Surveys estimates of AI’s macroeconomic effects, finding that projected GDP impacts vary widely but remain “typically positive.” Cites benchmark projections, including a Goldman Sachs estimate of a 0.9% cumulative GDP increase over 10 years and another study projecting long-run output gains of up to 35% above baseline. Emphasizes that realized economic effects depend on adoption rates and diffusion dynamics, noting that widespread integration may unfold over “multiple decades,” mirroring the trajectory of personal-computer deployment. Addresses labor-market implications, concluding that current evidence shows AI replacing tasks rather than entire jobs. Frames these dynamics as likely to influence productivity growth and income distribution over time.
- Yusuf, Shahid, The Macroeconomic Consequences of AI: The Next Great Divergence, N. Dev. Programme (2025), https://www.undp.org/sites/g/files/zskgke326/files/2025-12/the-macroeconomic-consequences-of-ai.pdf.
Investigates AI’s macroeconomic implications, focusing on its capacity to counter declining productivity and reshape income distribution across the Asia-Pacific region. Documents a sustained global slowdown in economic growth and total factor productivity since the early 2000s, noting that many high-growth Asian economies have relied more on capital accumulation than on efficiency gains. Frames AI as a potential response to this “productivity drought” while emphasizing uneven and time-lagged benefits. Finds that adoption effects will likely vary across sectors and labor groups, with gains materializing gradually rather than immediately. Warns that AI diffusion could widen within-country income disparities, reversing the decline in global inequality observed from the late 1990s through 2015. Positions distributional divergence as a central policy risk accompanying AI-driven productivity growth.

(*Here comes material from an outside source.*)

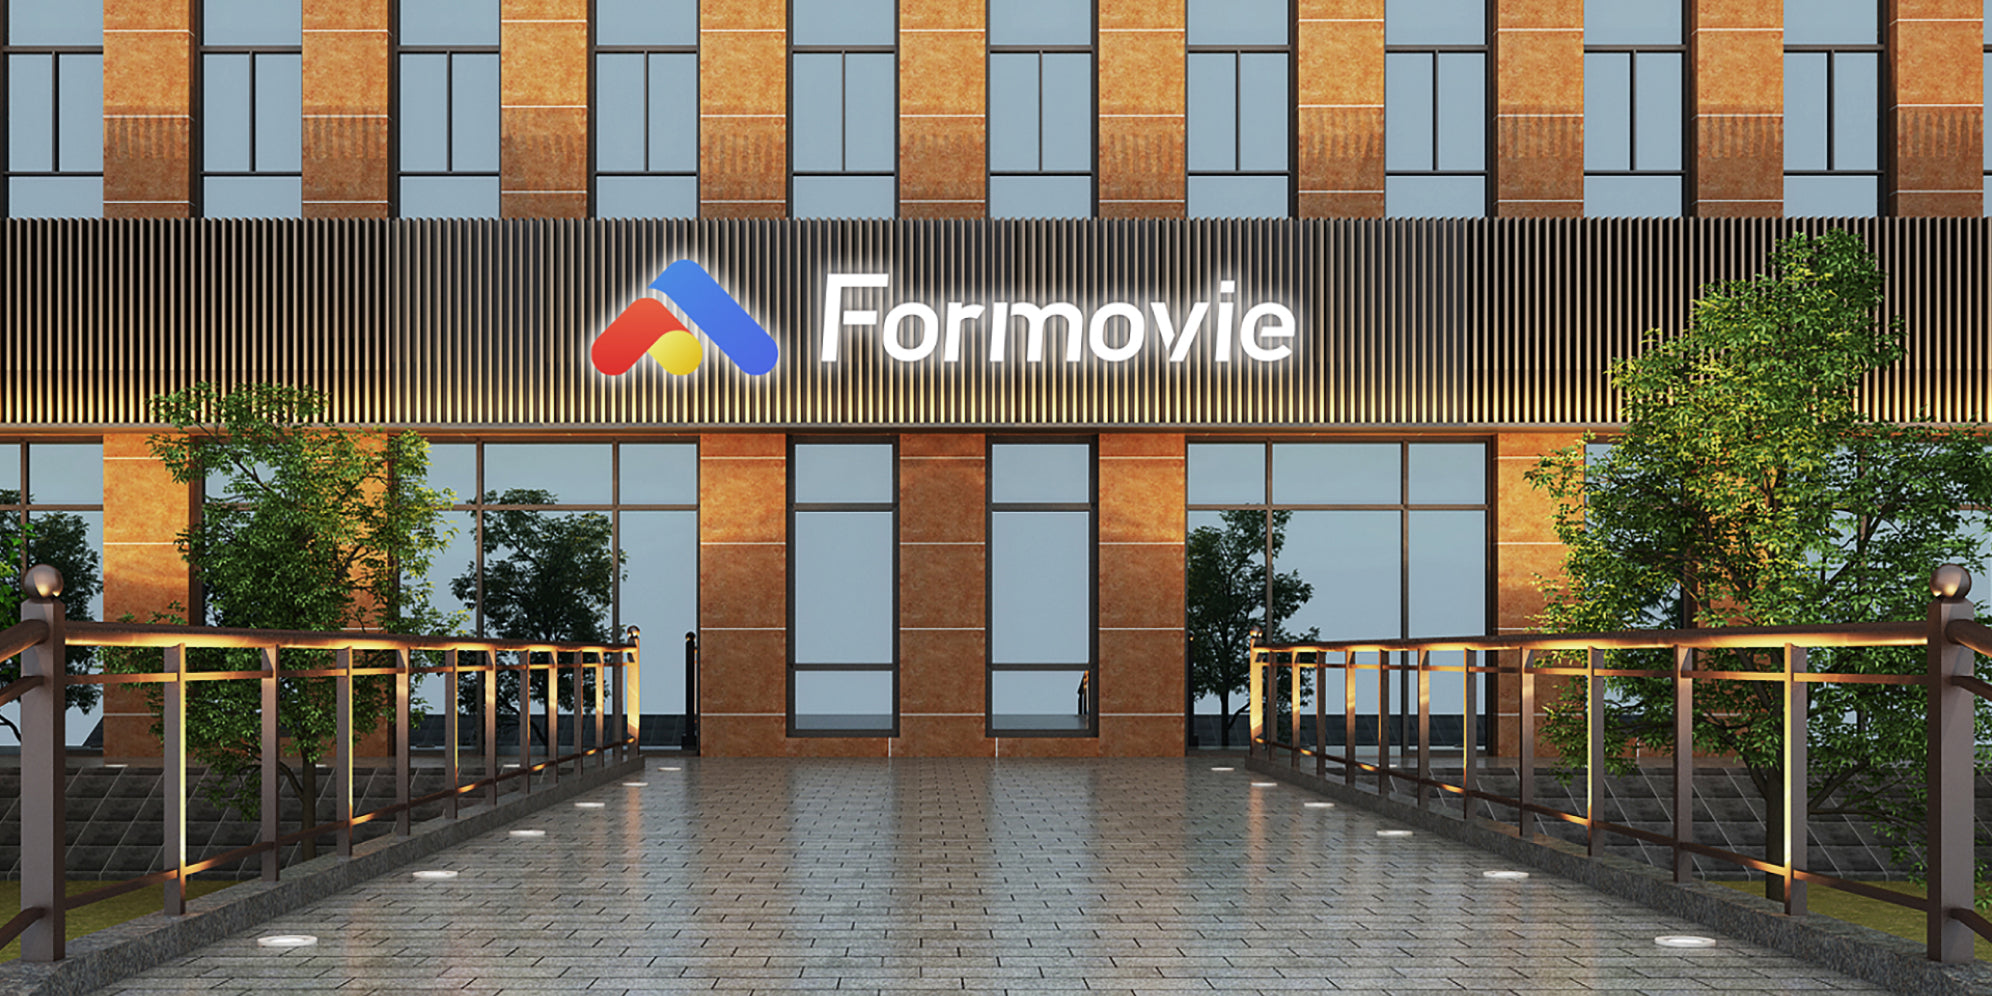 Formovie registered at 2016

[1] When a general-purpose technology—such as electricity, computers, or artificial intelligence—emerges, firms must invest in intangible assets, including process redesign, worker training, and new software and business models. These investments absorb time and capital without generating immediate, measurable output, often producing an initial slowdown in recorded productivity. As complementary investments mature and integration deepens, productivity growth accelerates, forming the upward stem of the J-curve.
[2] Hulten’s Theorem holds that the aggregate economic effect of a productivity change in a given industry equals that industry’s share of national GDP, measured by total sales. The result implies that an activity’s economywide importance depends on its relative size, not on the complexity of its upstream or downstream linkages.
[3] A computable general-equilibrium (CGE) model simulates how shocks—such as new technologies, taxes, or trade policies—propagate across an economy. Using observed economic data, the model estimates how producers and consumers adjust until the system converges to a new equilibrium.